DATASET EXCERPT.
□ □ □

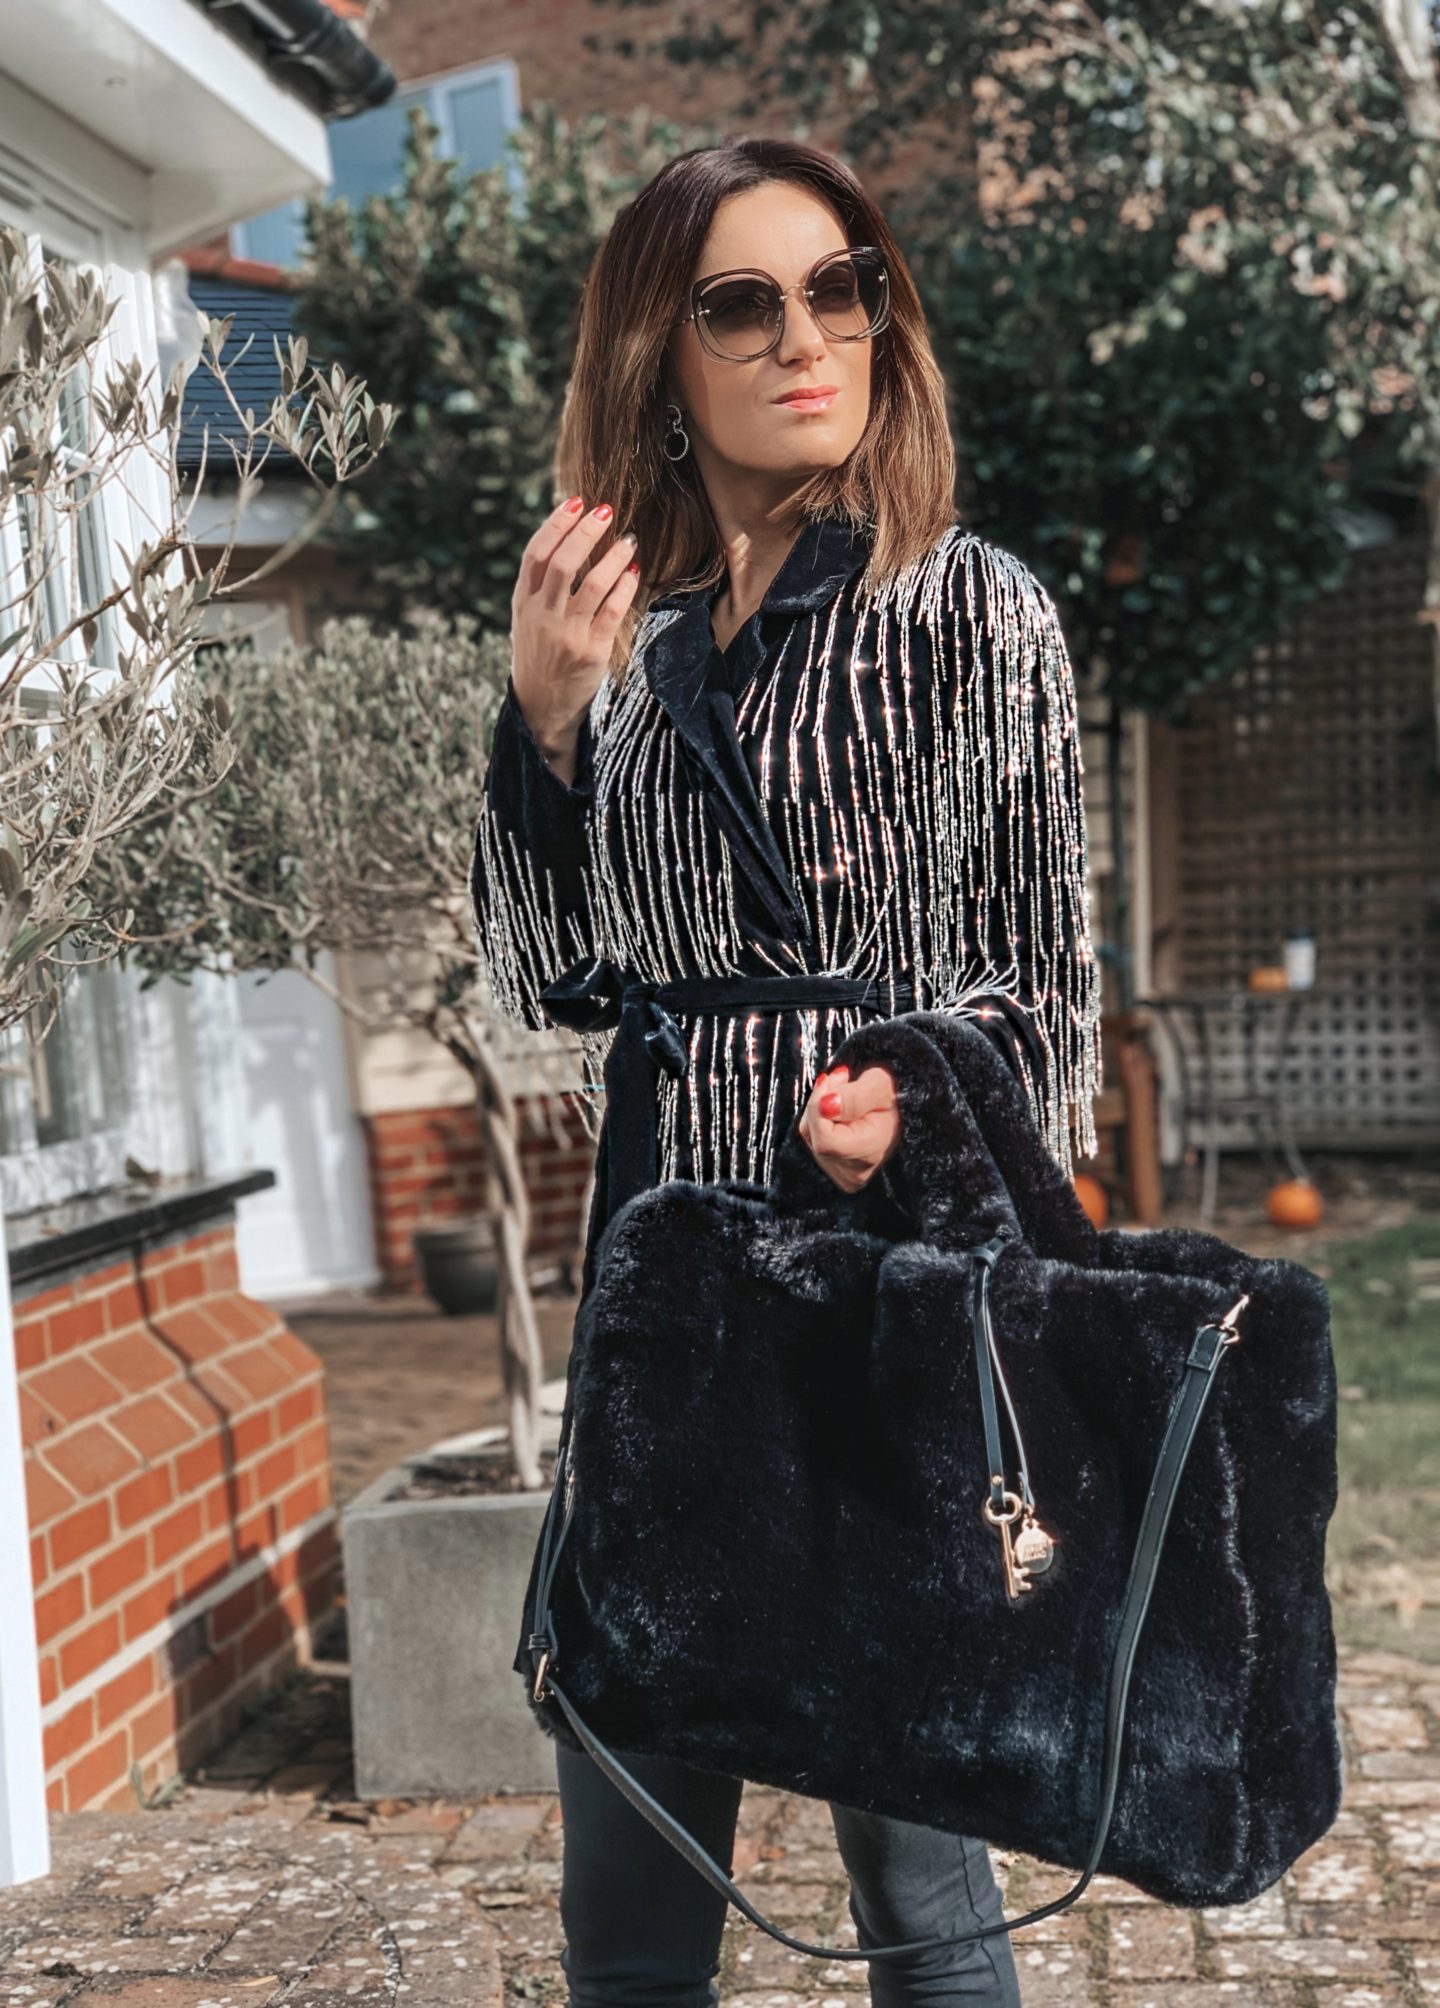 A/W19 Fashion trends Sparkles, fringe and sequins, oversized bags
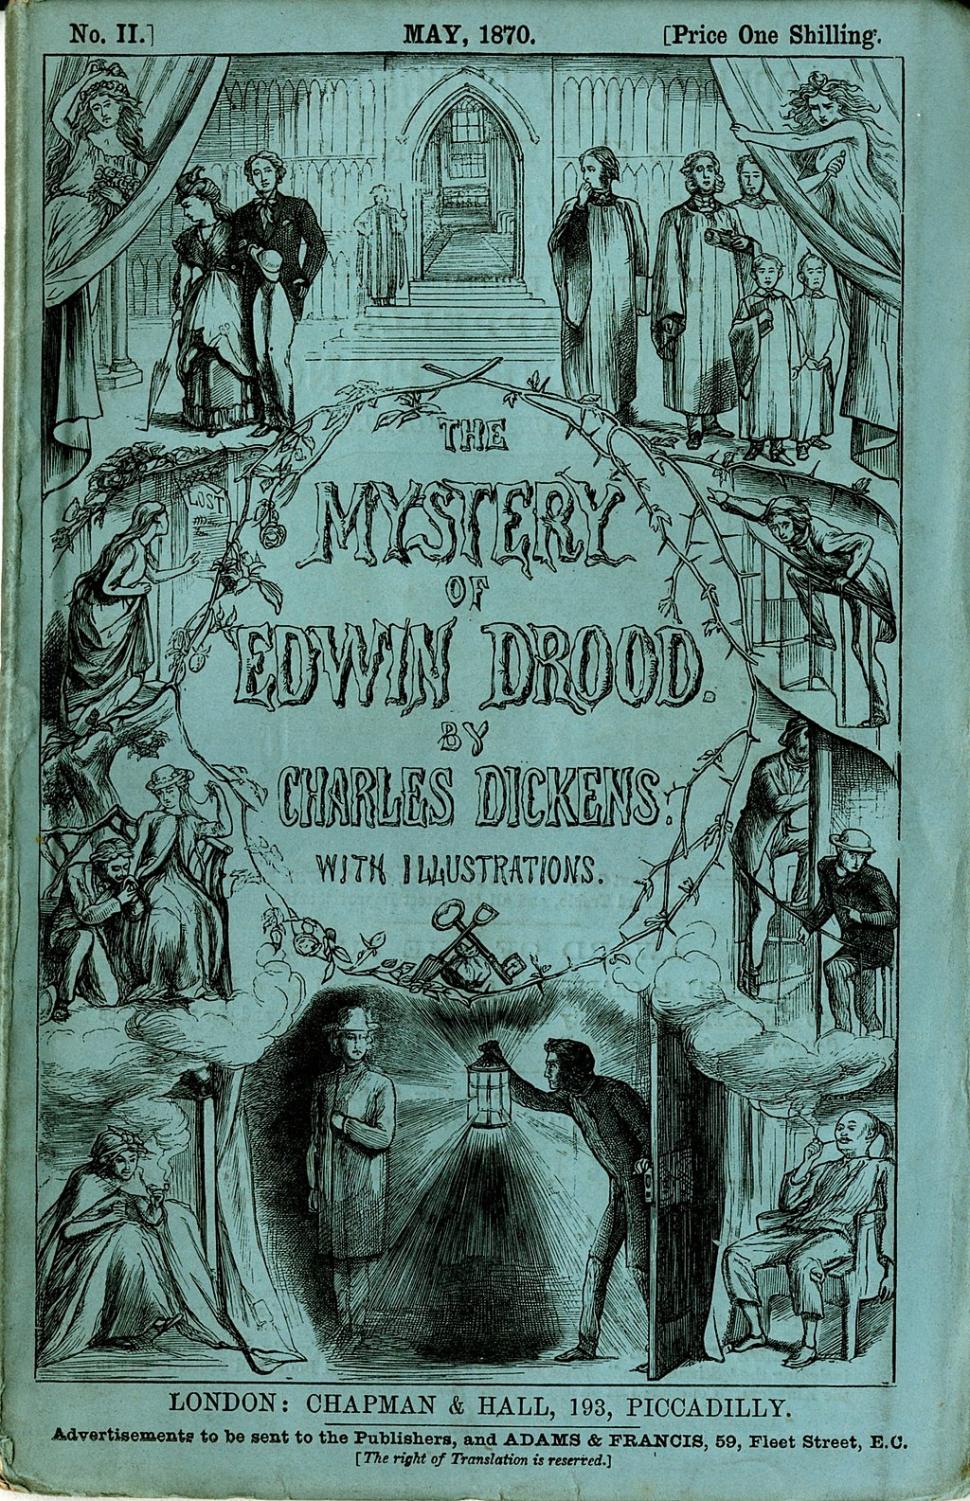 Original cover to Dickens unfinished story
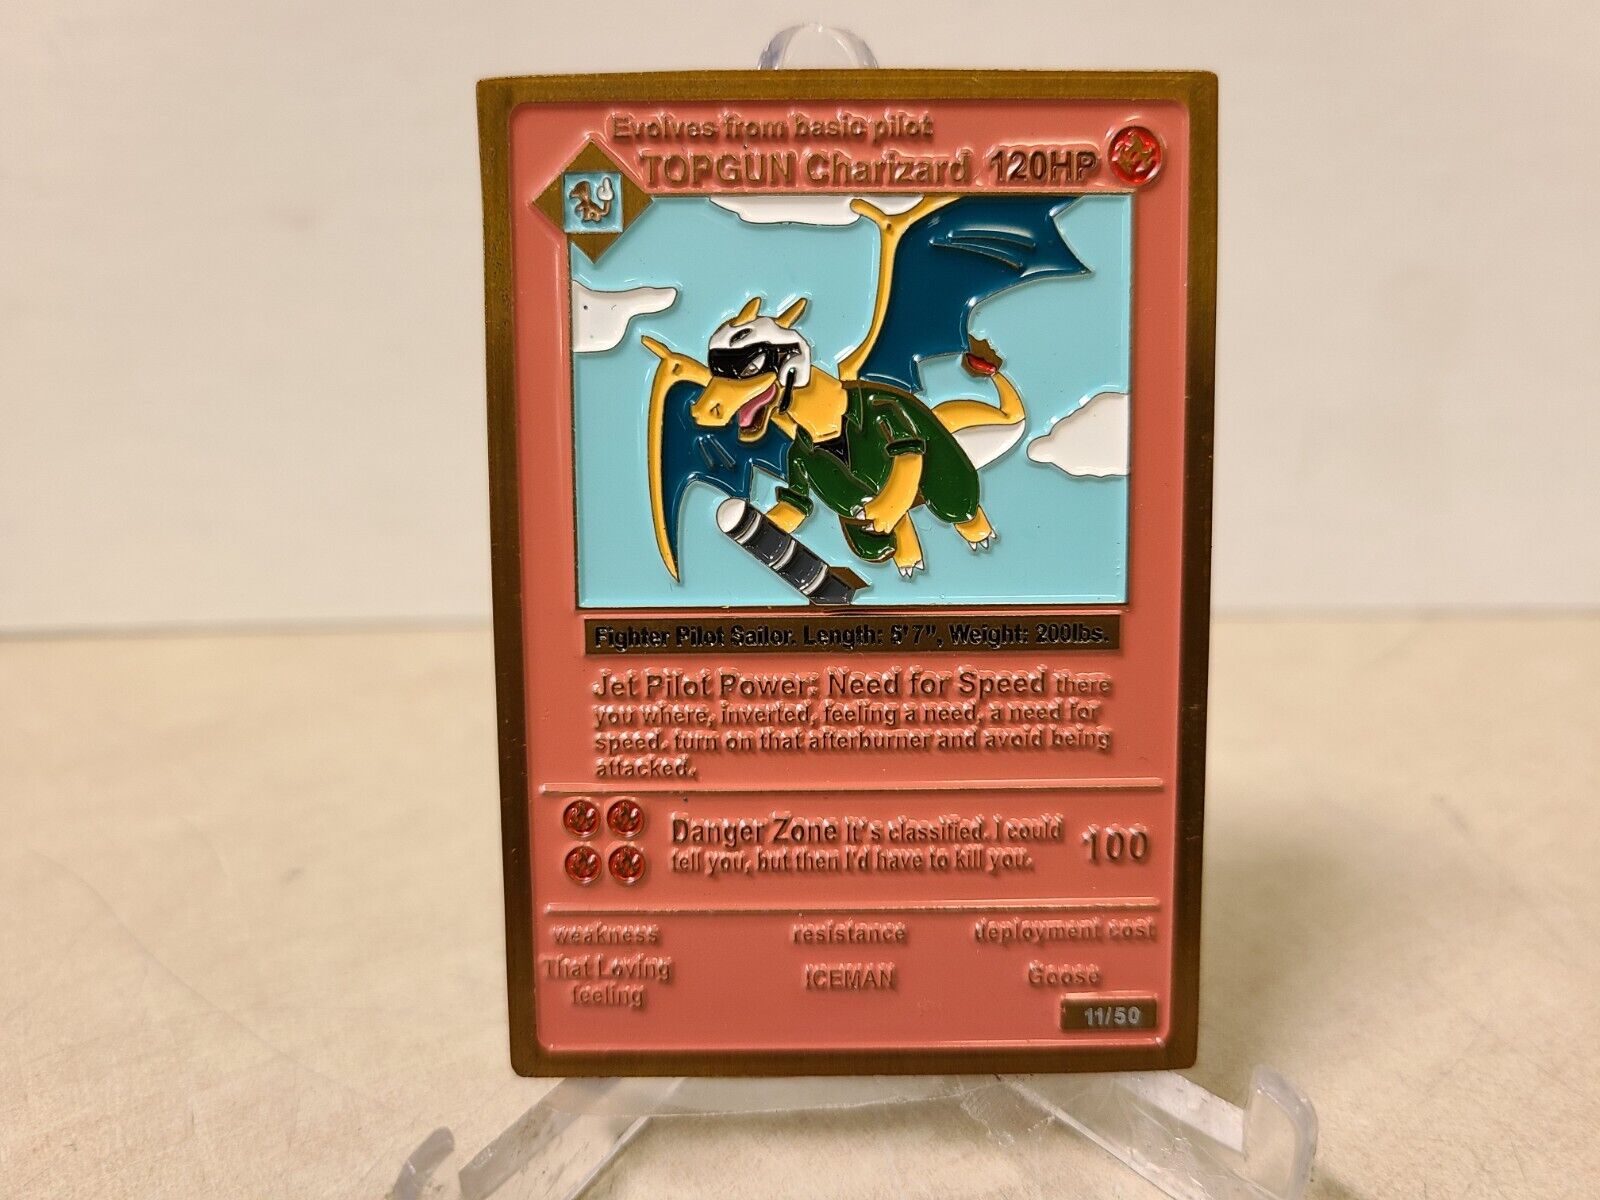 TopGun Charizard 120HP Evloves From Basic Pilot Challenge Coin 11/50

□ □ □

YOUR TASK.
Only the lines from the one with "Original cover to Dickens unfinished story" through the end of the listing above should be output, exactly as written and with no pictures.

TASK ANSWER.
 Original cover to Dickens unfinished story
 TopGun Charizard 120HP Evloves From Basic Pilot Challenge Coin 11/50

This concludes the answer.